Despite recommendations that lower birth weight infants be vaccinated as the same chronological age as normal birth weight infants, extremely low birth weight and very low birth weight infants are immunized at significantly lower rates relative to low birth weight and normal birth weight infants at 2, 4, and 6 months of age. However, by 12 months of age this finding persists only in extremely low birth weight infants.

摘要

目的

目前基于人群的早产儿疫苗接种率评估较少。
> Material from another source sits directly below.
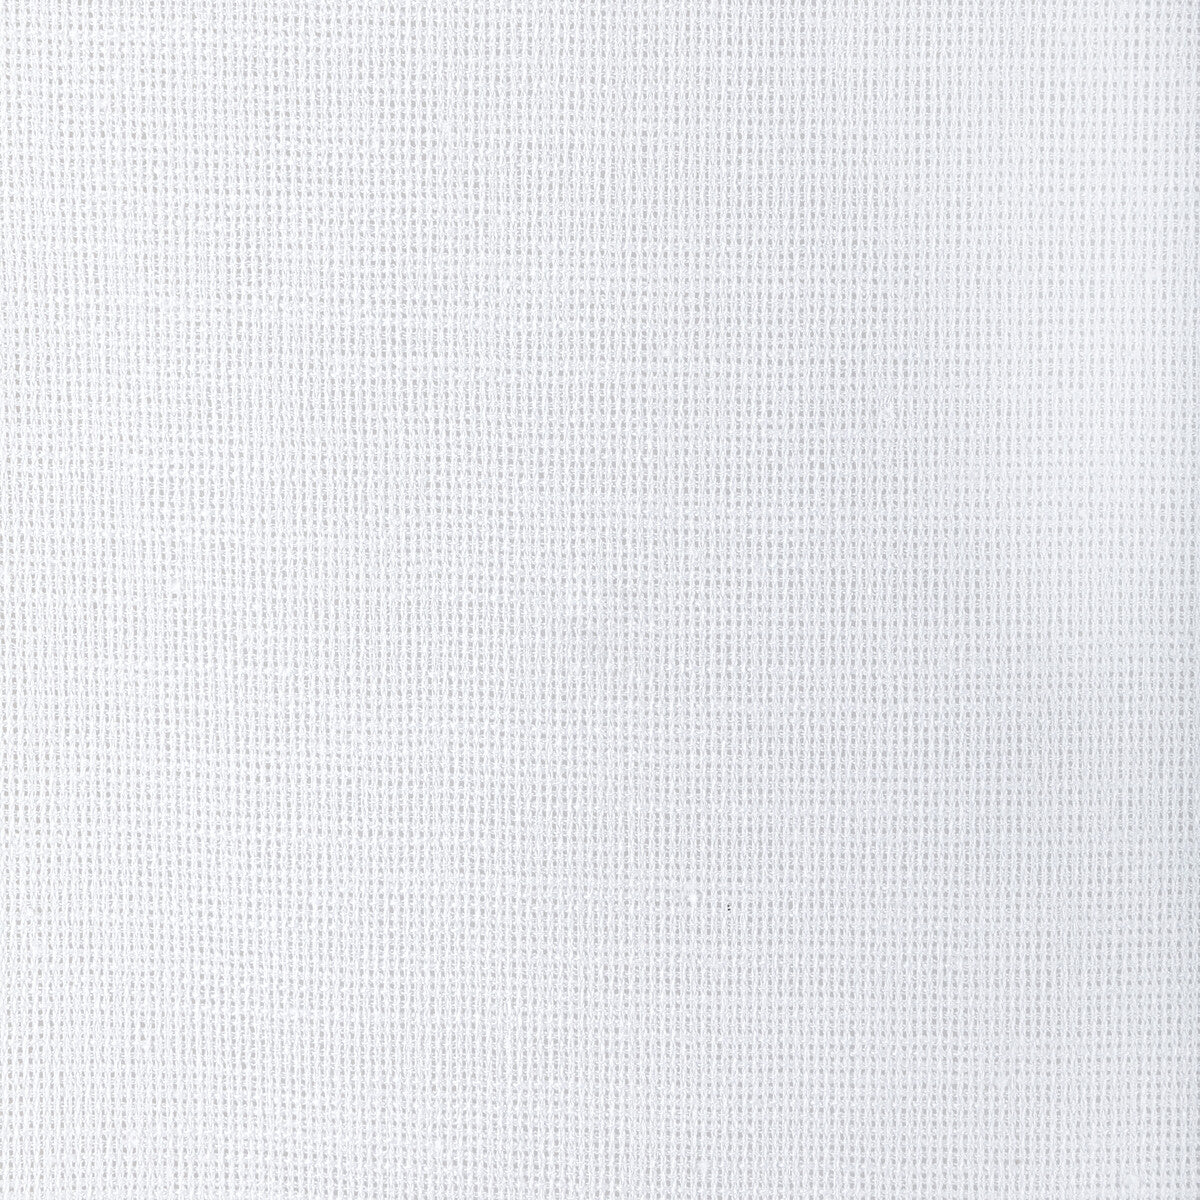 Kravet Basics fabric in 4942-101 color - pattern 4942.101.0 - by Kravet Basics
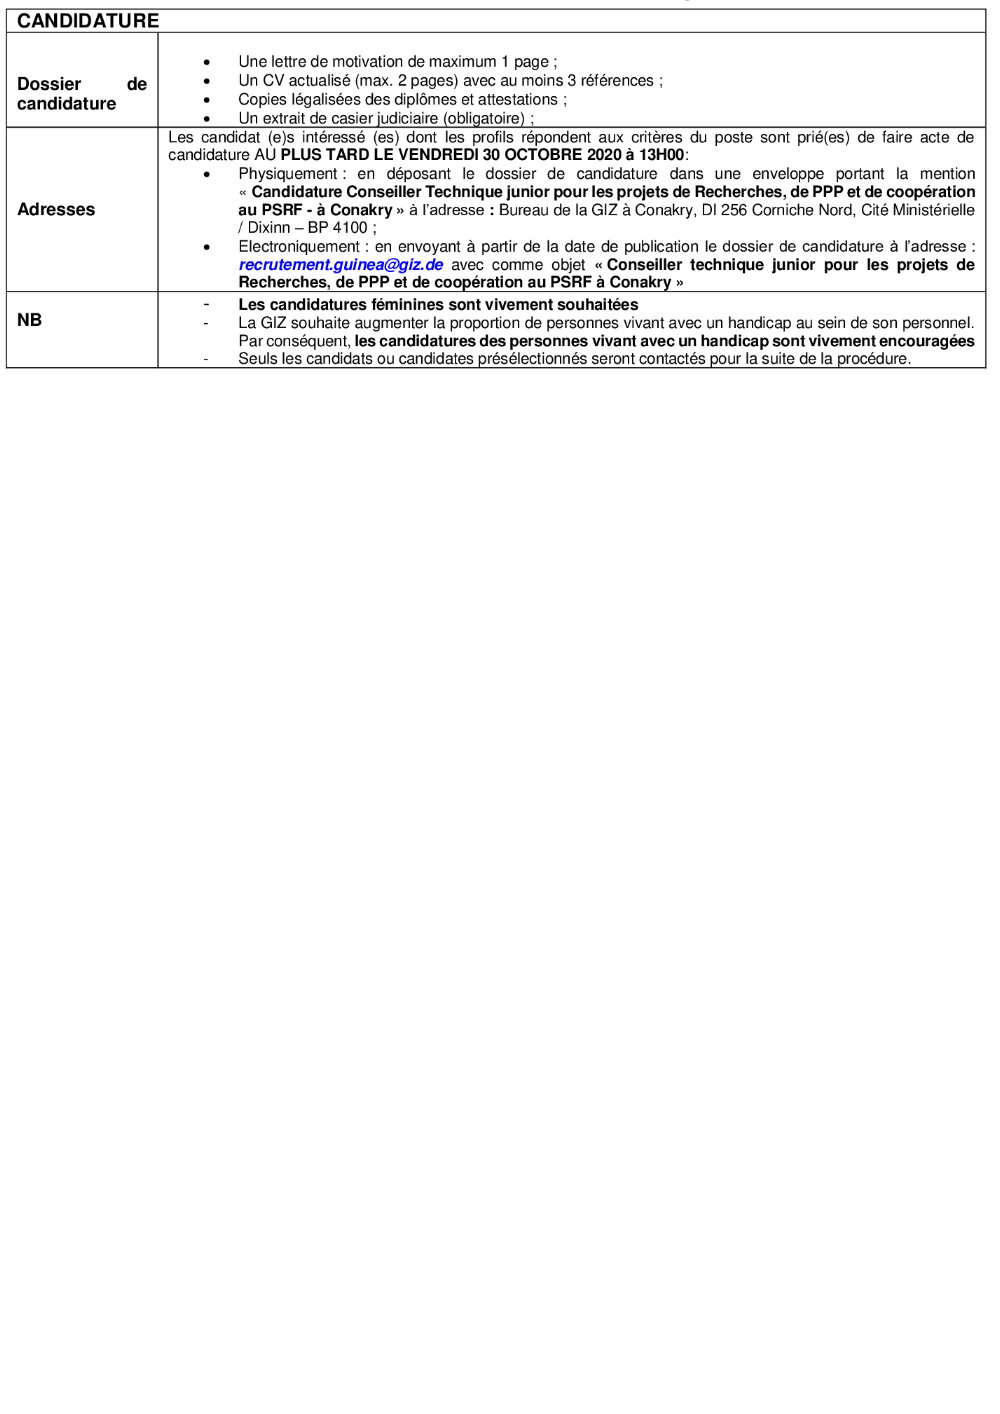 Recrutement d'Un Conseiller technique par giz en guinée - offre d'emploi Giz - page 3

本研究评估并比较不同出生体重分类的儿童在出生后第一年按年龄和剂量的免疫接种率。

方法

我们对南加州一个大型管理式医疗组织的计算机化疫苗接种数据进行了回顾性队列分析。参与者为1997年1月1日至2002年12月31日出生,并在南加州凯撒永久医疗计划中从出生持续登记至至少12个月大的儿童。我们根据出生体重(极低出生体重:<1000克;低出生体重:1000 - 1499克;低出生体重:1500 - 2499克;正常出生体重:≥2500克)测量了4种疫苗(乙肝疫苗、白喉破伤风类毒素与百日咳疫苗、b型流感嗜血杆菌疫苗和脊髓灰质炎病毒疫苗)在出生后第一年按年龄的及时接种率和适龄接种率。

结果

我们确定了研究期间出生并在出生后第一年持续登记的127833名婴儿;其中120048名是正常出生体重婴儿;6491名是低出生体重婴儿;788名是极低出生体重婴儿;506名是超低出生体重婴儿。在出生后的前6个月,低出生体重婴儿的特定疫苗适龄接种率比正常出生体重婴儿低3%至15%,极低出生体重婴儿则低17%至33%。在每个评估年龄,超低出生体重婴儿的特定年龄及时接种水平最低(比正常出生体重婴儿低5% - 31%)。到12个月时,超低出生体重婴儿的及时接种水平(87%)仍显著低于极低出生体重、低出生体重和正常出生体重婴儿(91% - 92%)。

结论

尽管有建议称低出生体重婴儿应与正常出生体重婴儿按相同的实际年龄接种疫苗,但在2、4和6个月大时,极低出生体重和低出生体重婴儿的免疫接种率相对于低出生体重和正常出生体重婴儿显著较低。然而,到12个月大时,这一发现仅在超低出生体重婴儿中持续存在。